Various countries were represented in this festival (I think I counted 16) including Mexico, the US, Thailand, and India, among others. Typically they were represented with a food stall or artisan crafts but also with music and dance performances. We didn’t spend much time here since most of the food was meat-heavy (and the smell of grilled meat put us off) but we couldn’t resist these colourful umbrellas.


Visiting local events like this is fun because it makes us feel less like tourists. I’m sure plenty of tourists enjoyed this event as well, but listening to music and unwinding in the plaza, which happens to be a few minutes walk from our flat, is a nice feeling. We’re never in a rush here since we have three months to soak it all in. 🙂

vegan popsicles in Fuengirola


Fuengirola is a quick train ride down the coast so we figured why not explore the city for the first time.

Based on what I found as I browsed HappyCow, Fuengirola is full of vegan-friendly shops and cafés. A vegan-friendly popsicle shop, named Stickhouse, piqued my interest. Kuba and I both tried the chocolate popsicle, and we opted to have it freshly dipped in chocolate and rolled in almonds. Yum!

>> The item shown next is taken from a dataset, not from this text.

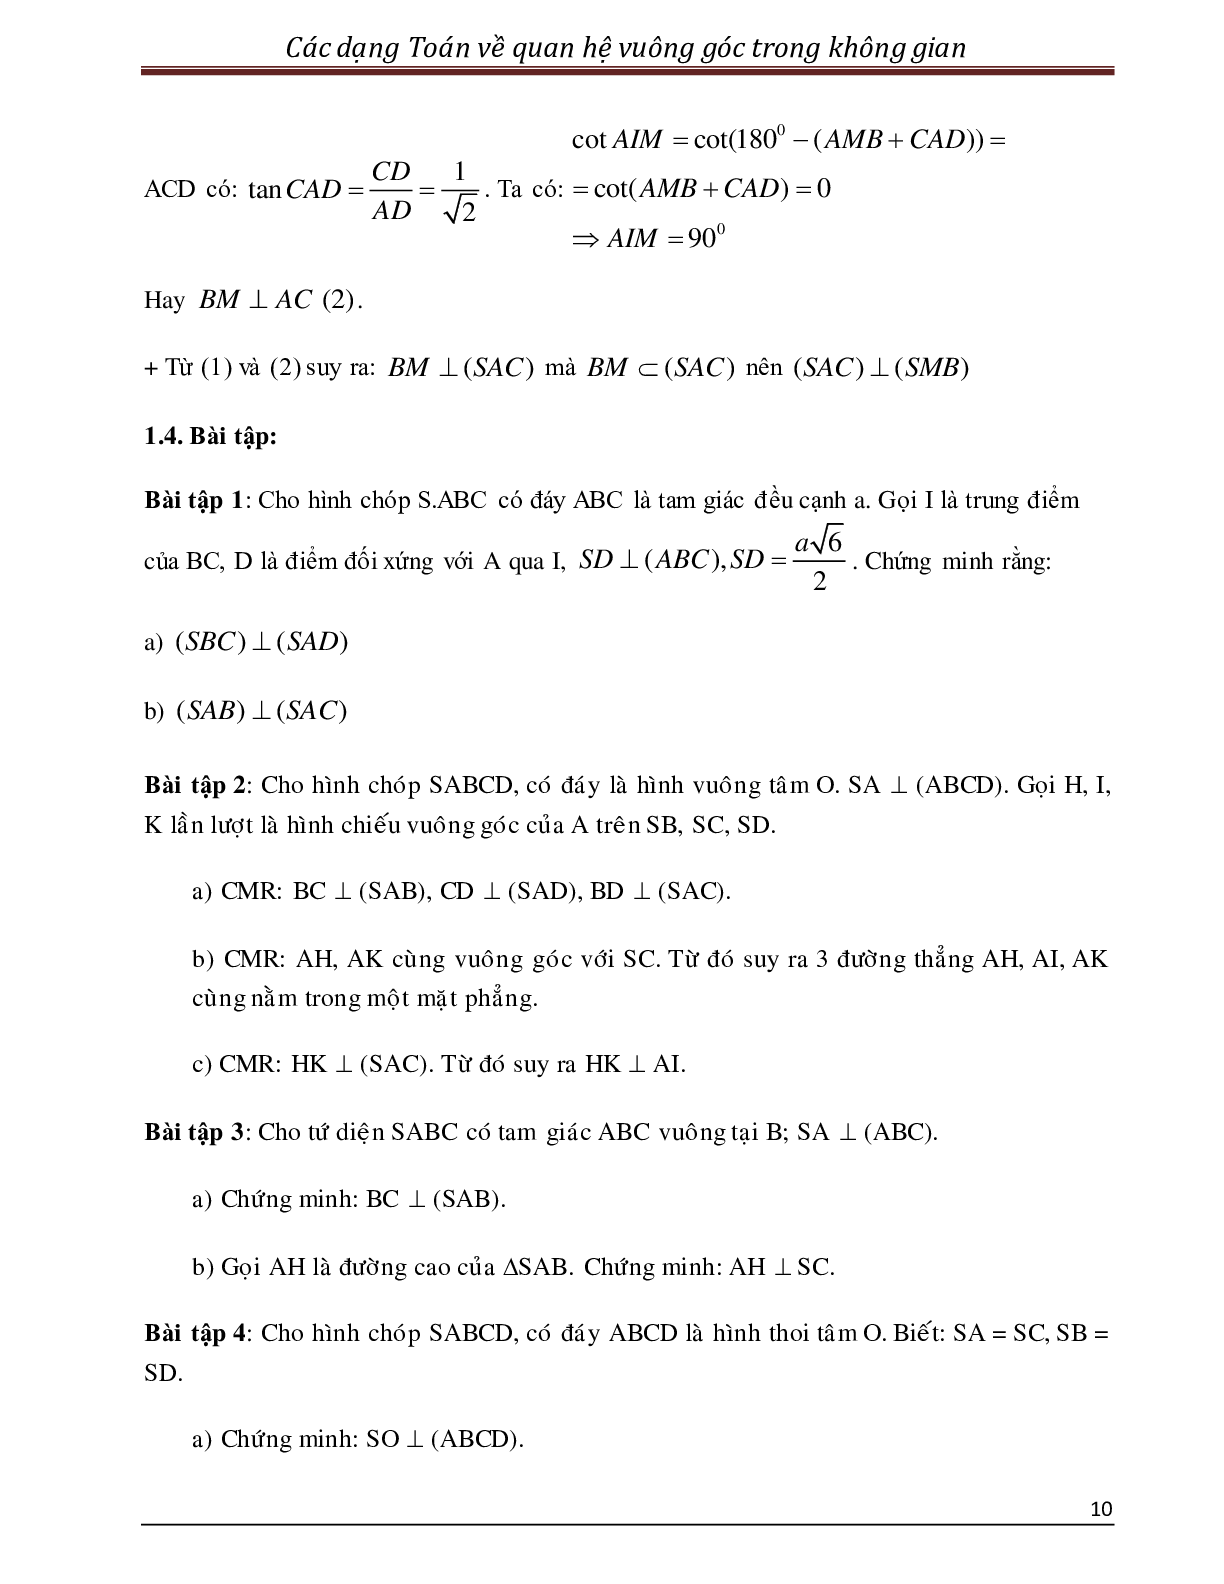 Các dạng toán quan hệ vuông góc trong không gian (trang 10)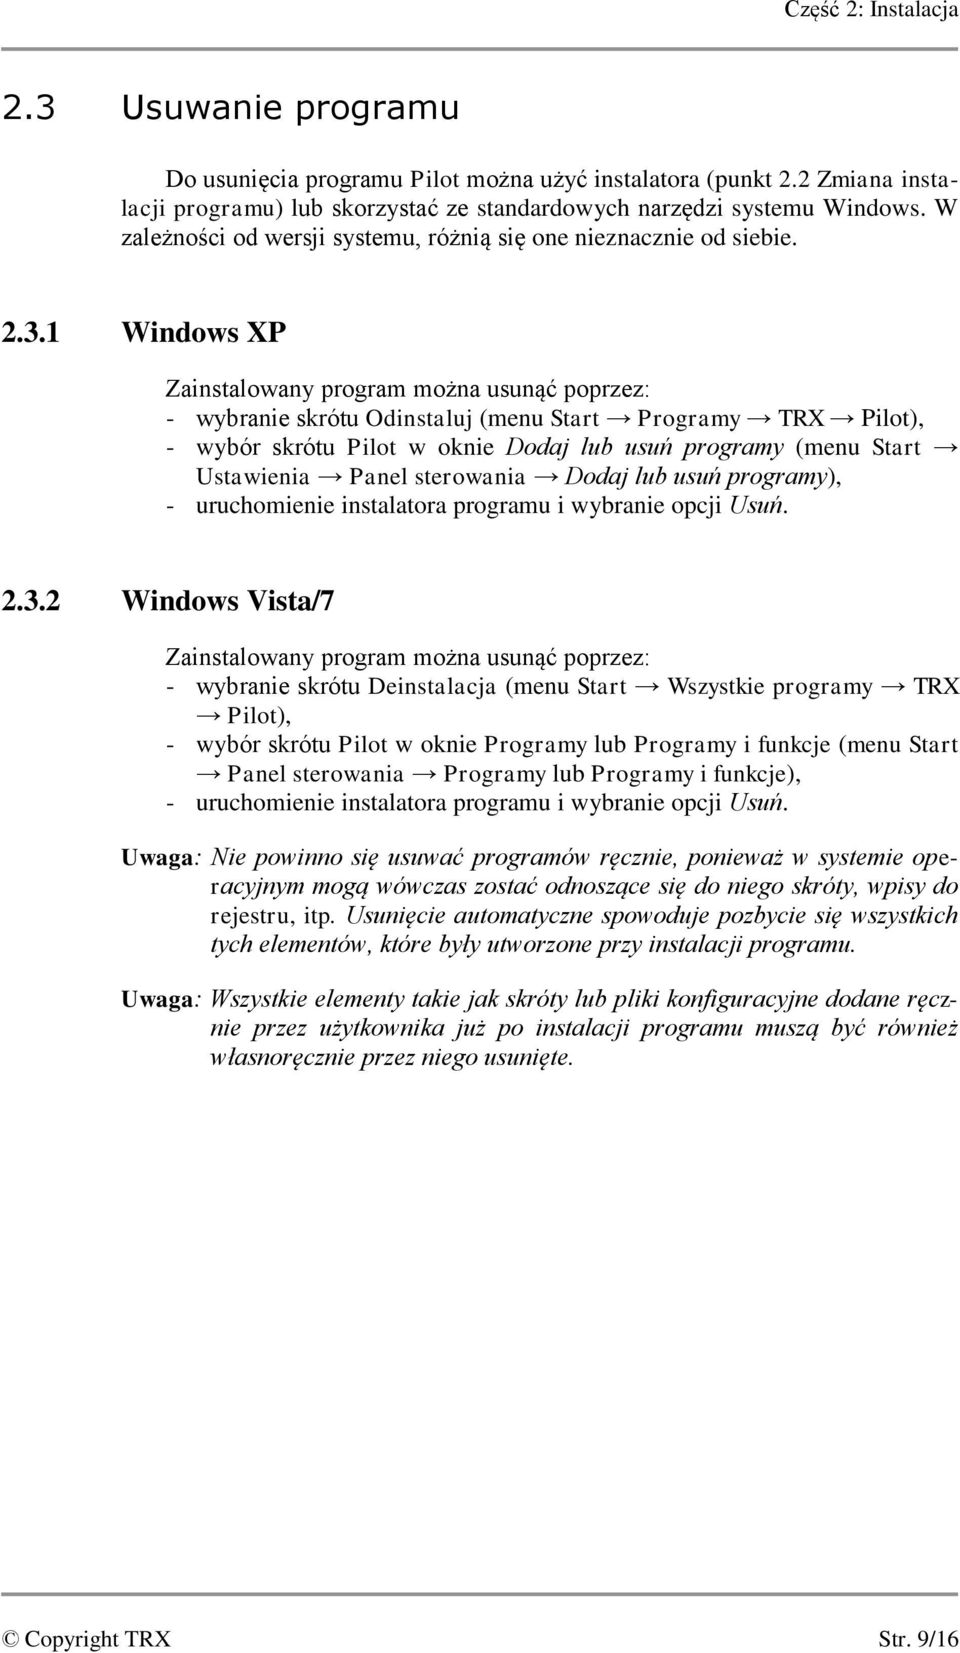 1 Windows XP Zainstalowany program można usunąć poprzez: - wybranie skrótu Odinstaluj (menu Start Programy TRX Pilot), - wybór skrótu Pilot w oknie Dodaj lub usuń programy (menu Start Ustawienia

Not all of Stickhouse’s popsicles are vegan, however, but several of the fruit and chocolate ones were. The man working there was very friendly and knowledgeable about the vegan options. I haven’t had a dipped chocolate popsicle like that in years, so I was happy to indulge. 🙂

In the end, we didn’t find much else to do in Fuengirola besides walking along the beach. We just prefer the quieter beaches of Torremolinos, I guess!

That being said, I wouldn’t mind returning to Fuengirola at some point to tour the Castillo de Sohail since entry is free. (It’s open Tuesday to Sunday from 10:00 – 14:00.)

the week ahead

This week we plan to visit Nerja (another resort town east of Málaga on the coast) for a hike up the Rio Chillar. We don’t have anything else set in stone besides a day trip to Madrid on the 27th. This will be my third time in the city. We are meeting up with another nomadic vegan couple, as well as revisiting some of my favourite sites. Madrid will always be special to me because it was my first trip to Madrid that inspired me to quit my job in the States and start downsizing my life. 🙂

We are considering visiting Granada or Sevilla as well. Do you have any recommendations for these cities or any other cities in Spain?